Example of the problem:

Object Size
a0000.jpg – a1023.jpg (1,024 files) 10 MB each
b.avi 10 GB

With two workers and row-based splitting, the engine might create split1 (a0000.jpga0511.jpg, 5 GB download) and split2 (a0512.jpga1023.jpg + b.avi, 15 GB download). The 3x imbalance causes a long tail.

Object Table chunking by size: MaxCompute automatically chunks Object Tables by actual object size instead. With a 10 GB split unit, split1 gets all 1,024 JPEG files (10 GB total) and split2 gets b.avi (10 GB) — both workers do equal work.

The default split unit is 1 GB. Adjust it to match your workload:

-- Split by GB (default: 1 GB)
SET odps.sql.object.table.split.unit.gb = 1;
SELECT GET_DATA_FROM_OSS('project.default.ot_demo_day', key) FROM ot_demo_day WHERE ...;

-- Split by MB (higher priority than GB)
SET odps.sql.object.table.split.unit.mb = 512;
SELECT GET_DATA_FROM_OSS('project.default.ot_demo_day', key) FROM ot_demo_day WHERE ...;

-- Split by KB (highest priority)
SET odps.sql.object.table.split.unit.kb = 512;
SELECT GET_DATA_FROM_OSS('project.default.ot_demo_day', key) FROM ot_demo_day WHERE ...;

Priority order: KB > MB > GB.

To disable size-based chunking entirely, set:

SET odps.sql.object.table.split.by.object.size.enabled = false;
Disabling size-based chunking causes the query to run as two separate jobs.

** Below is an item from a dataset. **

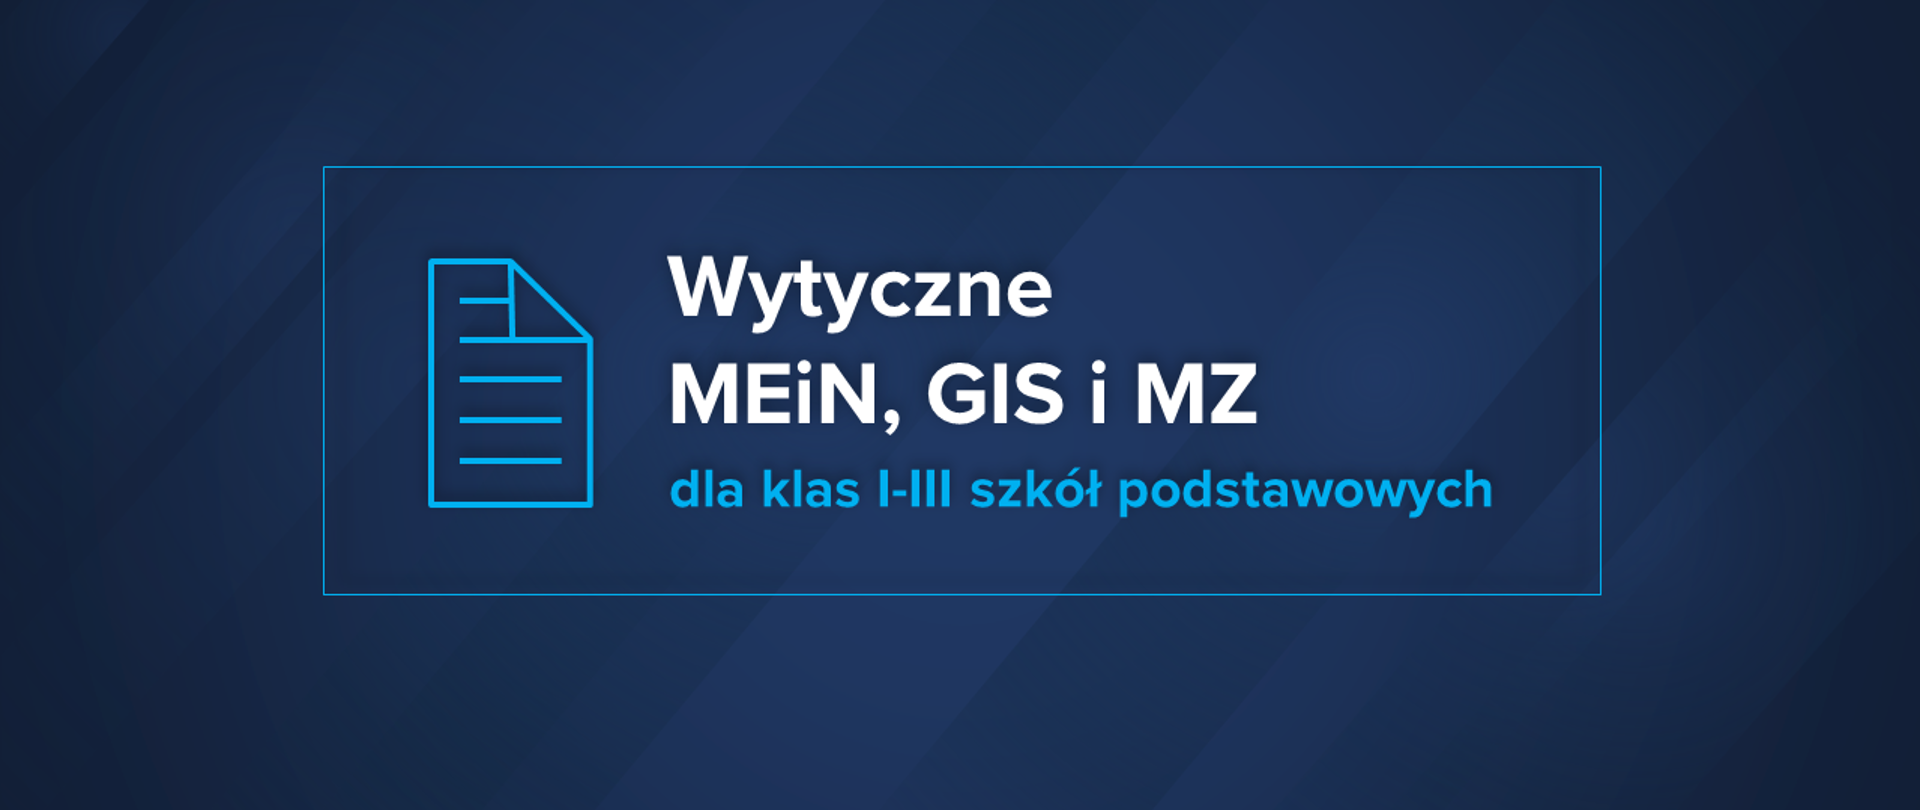 Wytyczne MEiN, MZ i GIS dla klas 1-3 szkół podstawowych - Ministerstwo  Edukacji i Nauki - Portal Gov.pl

The first job performs pre-processing and is visible in Logview.

More operations

Clear Object Table metadata

TRUNCATE TABLE removes all cached metadata but keeps the table definition:

TRUNCATE TABLE <object_table_name>;

Example:

TRUNCATE TABLE ot_demo_day;

Rename an Object Table

ALTER TABLE <object_table_name> RENAME TO <new_object_table_name>;

Example:

ALTER TABLE ot_demo_day RENAME TO new_ot_demo_day;

Delete an Object Table

Deleting an Object Table removes the cached metadata and stops storage charges. The actual OSS data is not affected. Recreate the table at any time to resume using the data.

DROP TABLE [IF EXISTS] <object_table_name>;

Example:

DROP TABLE IF EXISTS ot_demo_day;

FAQ

Connection refused error when refreshing metadata

You see an error like:

ODPS-0010000:System internal error -
ActionHandler job failed with failinfo storage service worker error occured:
common/io/oss/oss_file_system_cppsdk.cpp(919):
OSSRequestException: Status: -50, RequestId: ,
ErrorCode: ClientError:-50, Message: E_HTTP_ERROR_CONN_REFUSED

The location parameter was set to a public OSS endpoint. Object Tables require an internal network endpoint. Update the location to use the internal endpoint — see the location parameter description in Create an Object Table.

Periodic refresh does not trigger on schedule

Check that the location parameter uses an OSS internal network domain name, not a public endpoint. See the location parameter description in Create an Object Table.

Periodic refresh task fails with an internal error

You see:

FAILED: ODPS-0010000:System internal error - ActionHandler job failed with failinfo
storage service worker error occured: common/io/oss/oss_file_system_cppsdk.cpp(877):
OSSRequestException: Status: -50, RequestId: , ErrorCode: ClientError:-50, Message:

This is a platform-side error. Submit a ticket to contact MaxCompute technical support.